Story No. 4:Who Needs Stocks?
In story number 4, Who Needs Stocks," Schurr points out that "it's a lot harder to pick an individual stock than pick a diversified blend of stellar mutual funds." He suggests that if you insist on picking stocks, do so with only a small percentage of your portfolio assets.
He also quotes Peter Lynch of Fidelity Magellan fame who wrote, "Stop listening to professionals ... [ignore] the hot tips, the recommendations of brokerage houses, and the latest "can't miss" suggestion from your favorite newsletter-in favor of your own research."
Story No. 5:
To Be or Not to Be the Market: Indexing vs. Active Management!
Story number 5 is titled, "To Be or Not to Be the Market: Indexing vs. Active Management." Schurr states, "Wall Street is not Lake Wobegon. [Lake Wobegon is a town consisting of only above average children.]

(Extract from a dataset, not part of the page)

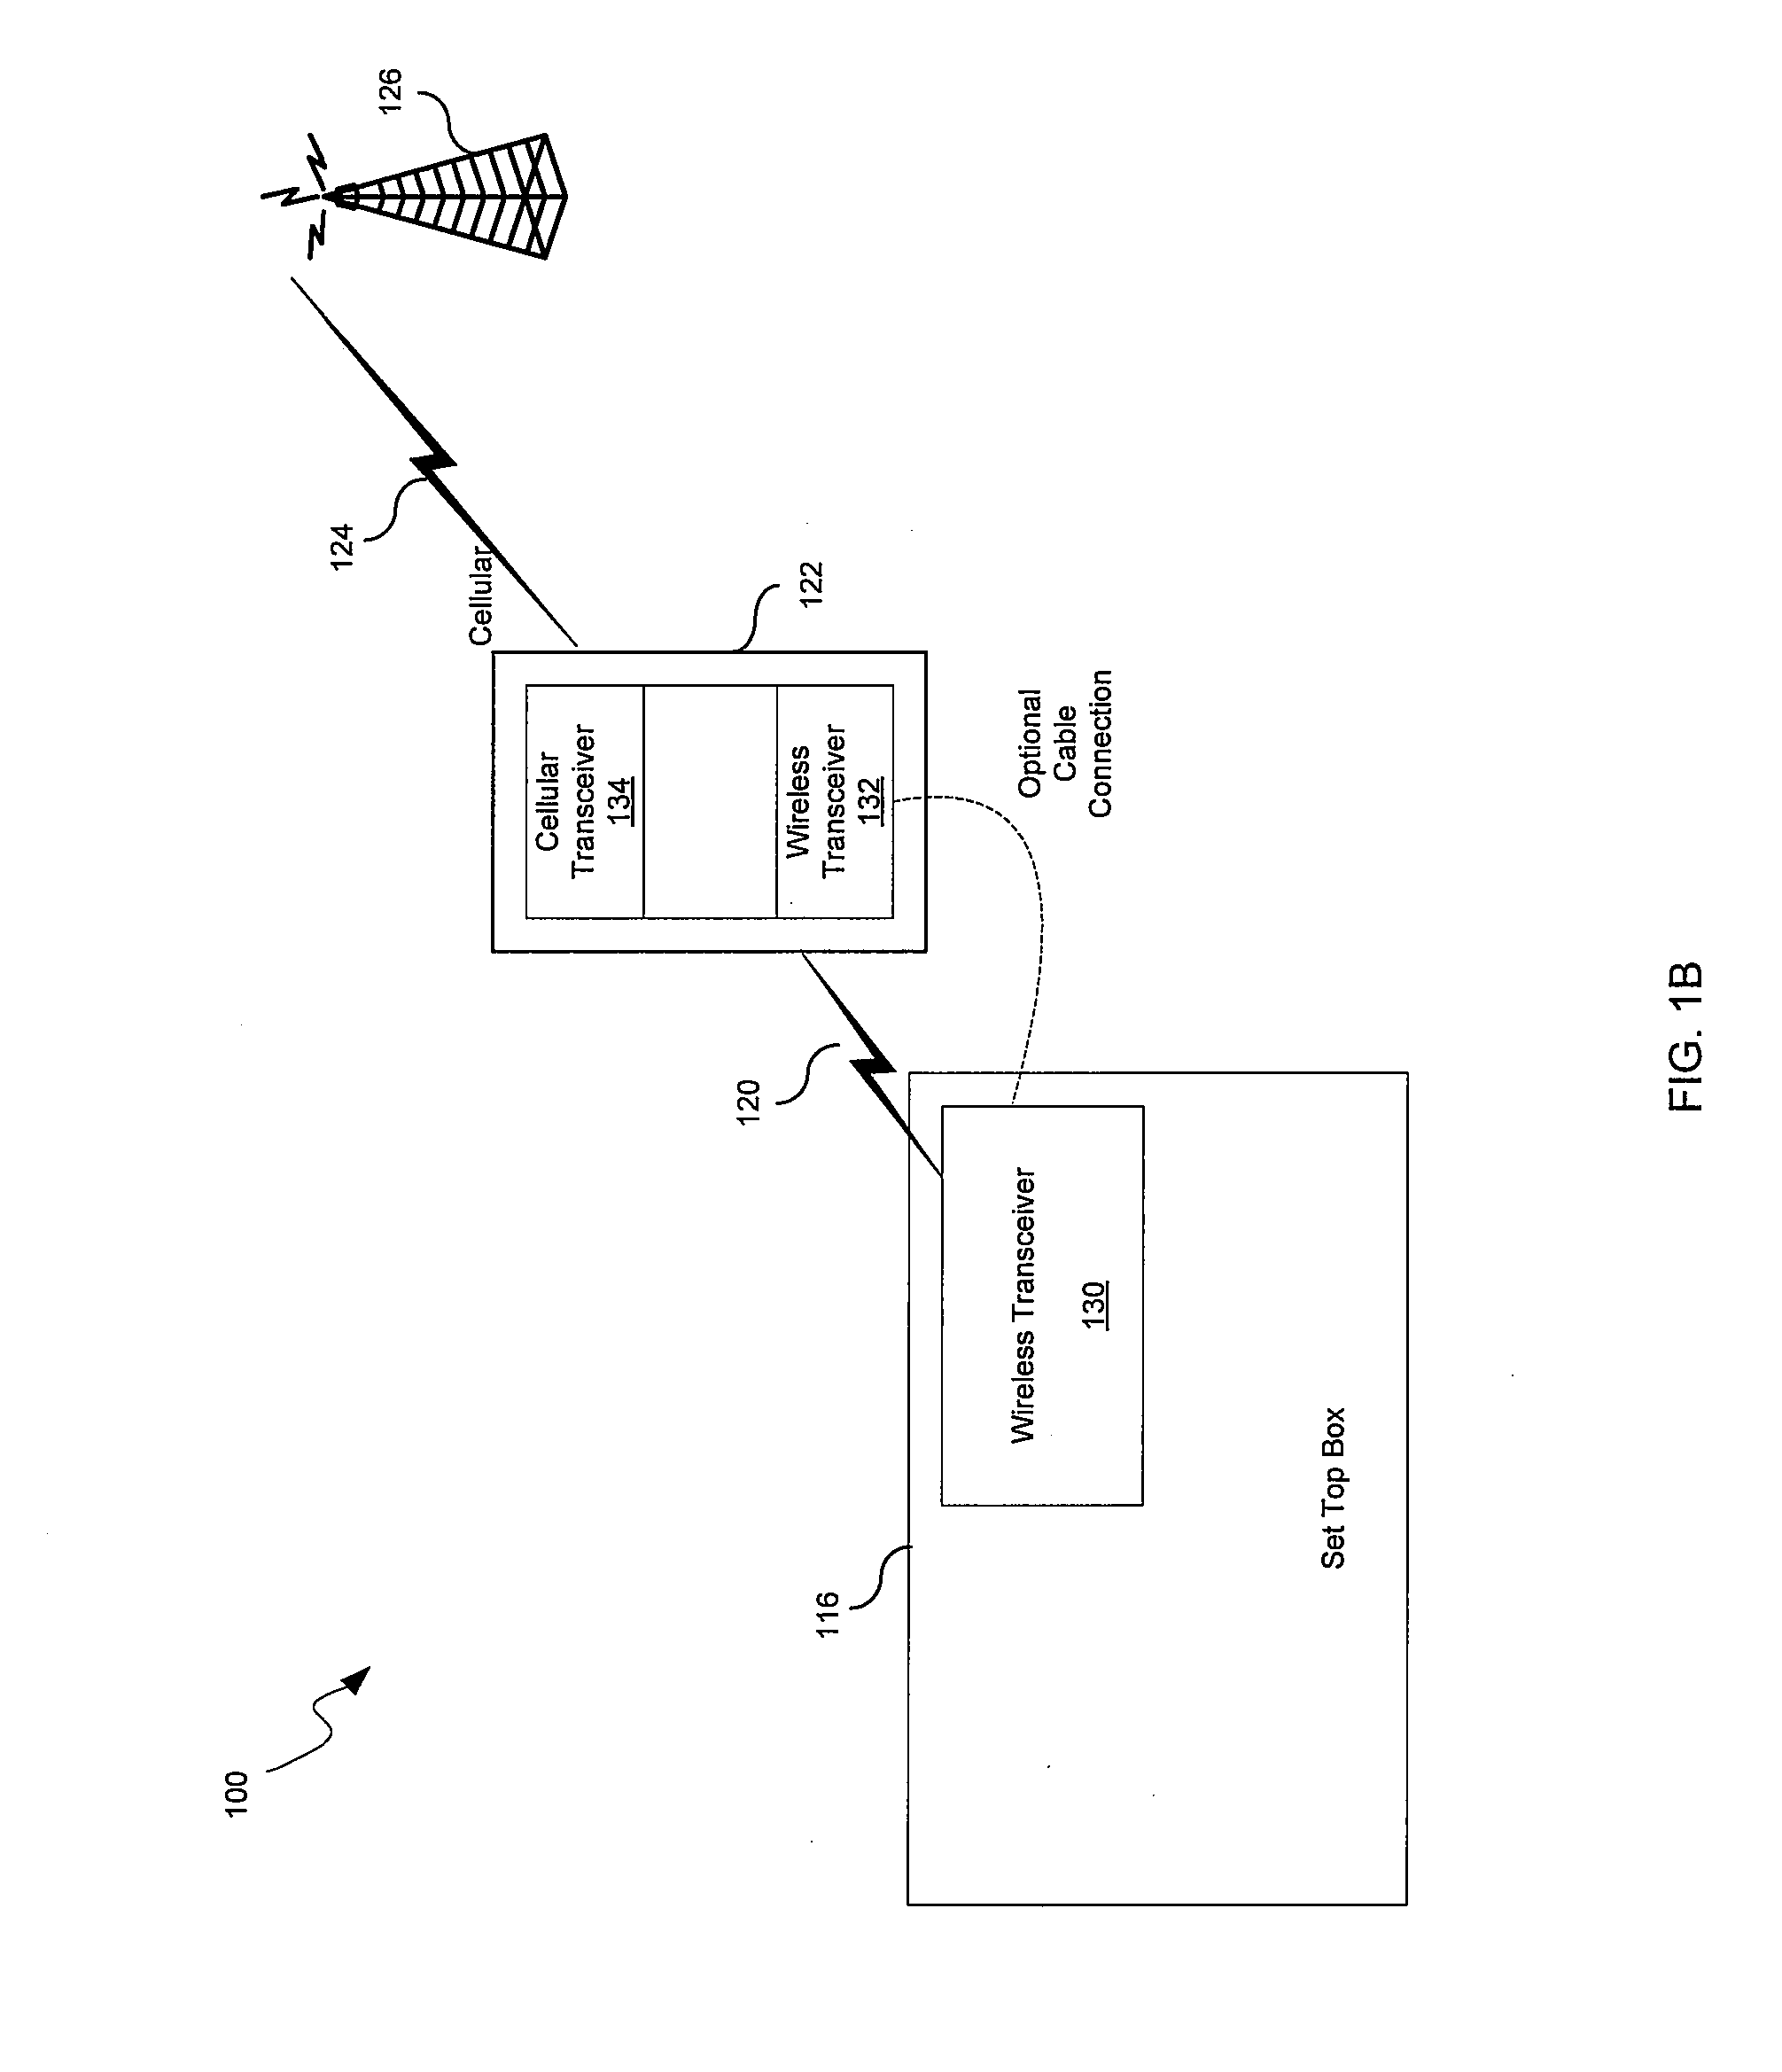 Method And System For Back Channel Communication Utilizing DTMF For Set Top Box Devices
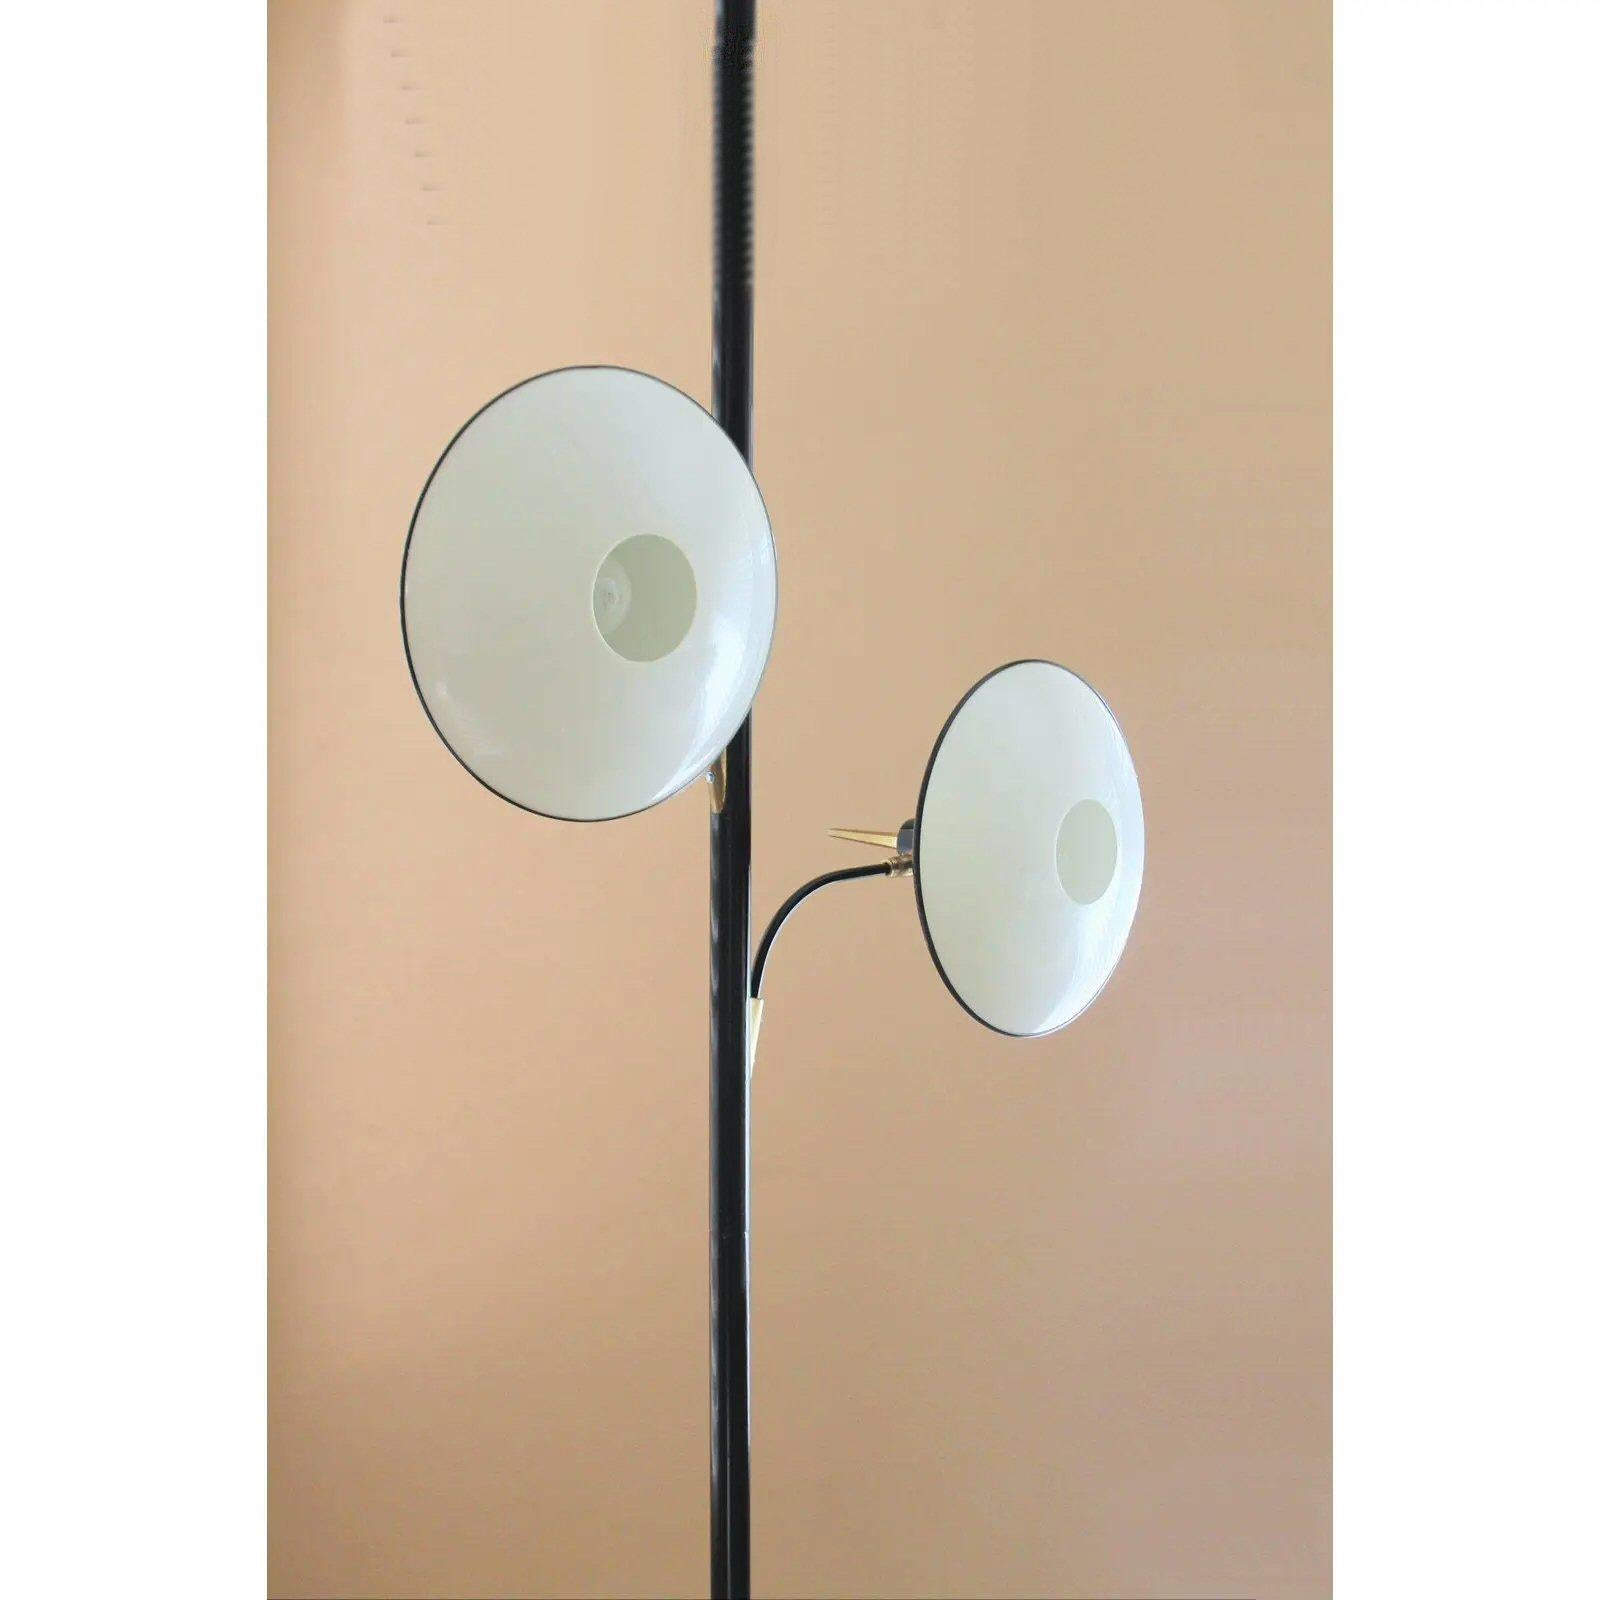 American Mid Century Modern Saucer Tension Pole by Laurel Lamp!

We can't all get above average returns. In fact, the surest way over the past 30 years to get above average returns is by investing in funds that mirror the major indexes: Index funds."
He cites Professor Burton Malkiel, and the newest edition of his legendary book, "A Random Walk Down Wall Street," that provides shocking confirmation of the benefits of index investing.
An investor who put $10,000 in an S&P Index fund in 1969 would have a portfolio of $327,000 by the end of 2002, assuming dividends were reinvested.
A second investor who put $10,000 in the average actively managed mutual fund would have a portfolio worth $213,000-50% less.
Story No. 6:
The Other Side of the Coin: Expenses and Taxes!
In story number 6, "The Other Side of the Coin: Expenses and Taxes," Schurr maintains that most investors don't pay much attention to expenses, taxes, and fees when they invest.
One example shows that "Investor No. 1, invests $100,000 in a portfolio of index funds with an expense ratio of 0.22%. This portfolio returns 10% a year over 10 years.
Investor No. 2 invests the same money in actively managed funds with an expense ratio of 1.53%. This portfolio also returns 10% a year over 10 years.
After 10 years, Investor No. 1 has $252,724. Investor No. 2 has $222,314. The difference-$31,410 or 14%.
And that's assuming investor No. 2 finds actively managed managers that keep up with the market indexes!"
Story No. 7:
Do You Need Help?
In the last story, Schurr asks, "Do You Need Help?" Schurr's opinion about seeking professional advice is interesting and controversial. (Many in the financial community who provide professional advice will also condemn it.)
He states, "I am a firm believer in do-it-yourself investing-no professional has as much incentive to safely steward your portfolio as you do.
The Internet, the local bookstore, and a few hours of research a month is all most investors need to build a balanced, diversified portfolio."
Can the use of the advice above, based on the number seven, produce magical results?
As much so as the following test you can take for yourself. Using a calculator, enter your personal lucky number (although any number will do), providing it is not divisible by the magical number seven.
Divide your number choice by (what else?) seven.
Total the first six digits after the decimal point.
Do this calculation without looking at the headline above. Without knowing the number you chose, the answer is magically provided in the above headline's ending number!